Temporal Beam Shaping
Temporal shaping strategies include double‑pulse schemes, pulse bursts, and custom pulse‑profile synthesis via Fourier‑space pulse compressors or direct space‑to‑time shapers. Double‑pulse experiments introduce a second pulse after a controlled delay (tens to hundreds of picoseconds) to re‑heat the plasma and CB, allowing fine tuning of temperature and pressure histories that govern NP nucleation and growth. Pulse bursts at MHz–GHz repetition rates, generated with acousto‑optic modulators, reduce the peak fluence required for ablation while maintaining total energy delivery, thereby mitigating nonlinear effects such as self‑focusing or filamentation. Custom temporal profiles can be designed to minimize thermal diffusion, enabling efficient material removal with reduced collateral heating.
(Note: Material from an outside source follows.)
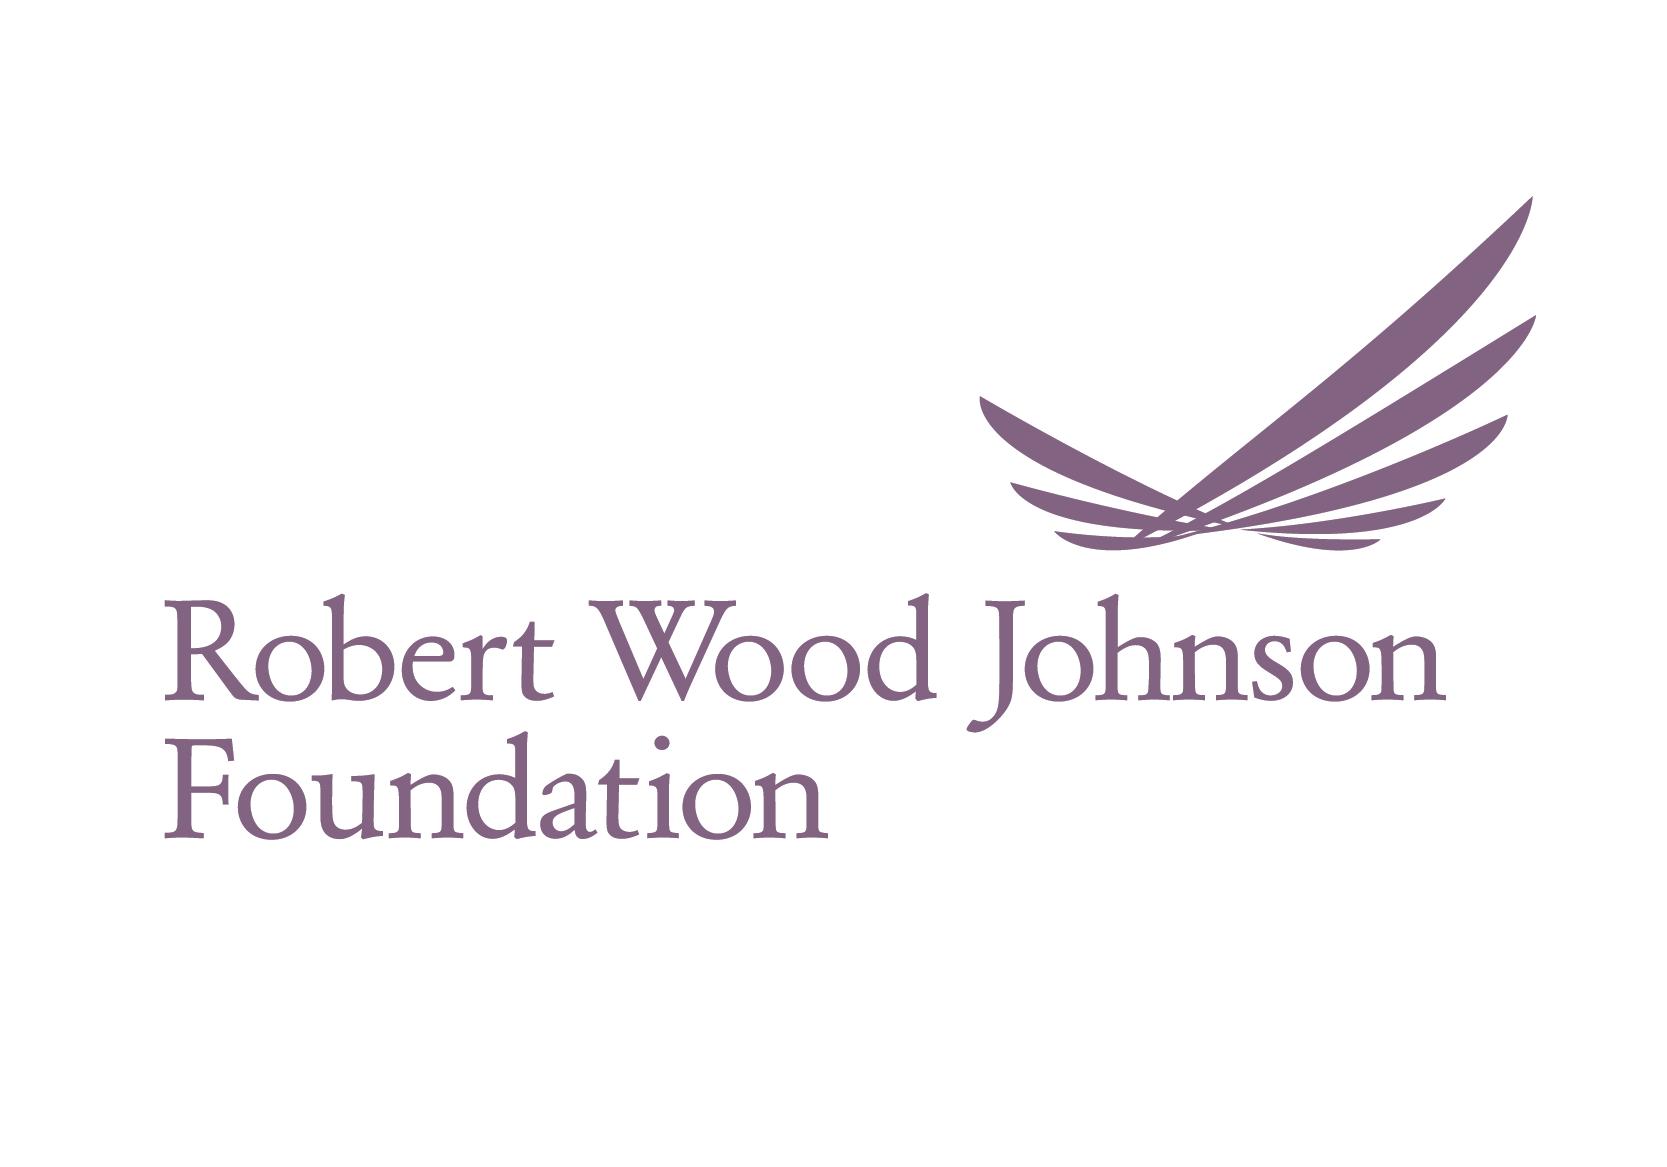 Robert-Wood-Johnson-Foundation-27.png

Experimental Evidence and Quantification
The review summarizes experimental data for a range of target materials (Au, Ag, Cu, Ti, Si, oxides, and high‑entropy alloys). Top‑hat beams typically reduce average NP diameter by 10–30 % and narrow the size distribution to <0.2 dex. Doughnut beams lower surface defect density, enhancing colloidal stability. Optimized double‑pulse delays (~200 ps) increase NP yield by a factor of ~1.8 while decreasing mean size by ~15 %. The authors discuss quantitative yield metrics: mass of NPs per hour (mg h⁻¹) or per joule (mg J⁻¹), ablation rate (mass removed from the target), and collection efficiency (fraction of ablated mass recovered as colloid). Gravimetric analysis, ICP‑MS/OES, UV‑Vis calibration, and thermogravimetric analysis are presented as complementary methods, with ICP‑MS offering the highest accuracy for metallic systems.

Scale‑up Considerations
To bridge laboratory‑scale PLAL to industrial production, the paper highlights the integration of high‑power (≥500 W), high‑repetition‑rate (≥10 MHz) picosecond lasers with continuous‑flow cells that maintain a thin liquid layer and enable rapid removal of ablated material. Beam‑shaping optics can be mounted on motorized stages for automated scanning, while in‑situ diagnostics (high‑speed imaging, optical emission spectroscopy) provide closed‑loop feedback for process control. The authors argue that, because laser capital cost becomes negligible relative to throughput and efficiency, optimizing beam profiles and pulse timing is the most cost‑effective route to commercial viability.

Conclusions and Outlook
Spatial and temporal beam shaping constitute powerful levers to manipulate the fundamental PLAL parameters of fluence, irradiance, and pulse duration, thereby delivering simultaneous improvements in NP size control, production yield, and colloidal quality. While static beam‑shaping has already demonstrated tangible benefits, dynamic spatial modulators and advanced temporal pulse‑shaping remain largely unexplored in PLAL. Future research directions include (1) development of robust, broadband dynamic beam‑shaping devices compatible with high‑energy ultrafast lasers, (2) multiscale modeling that couples laser‑matter interaction, plasma dynamics, and bubble physics under shaped‑beam conditions, and (3) integration of beam‑shaping modules into fully automated, continuous‑flow PLAL reactors equipped with real‑time quality monitoring. Achieving these goals will position PLAL as a scalable, green, and high‑purity platform for the industrial manufacture of nanomaterials across catalysis, advanced materials, sensing, and biomedical applications.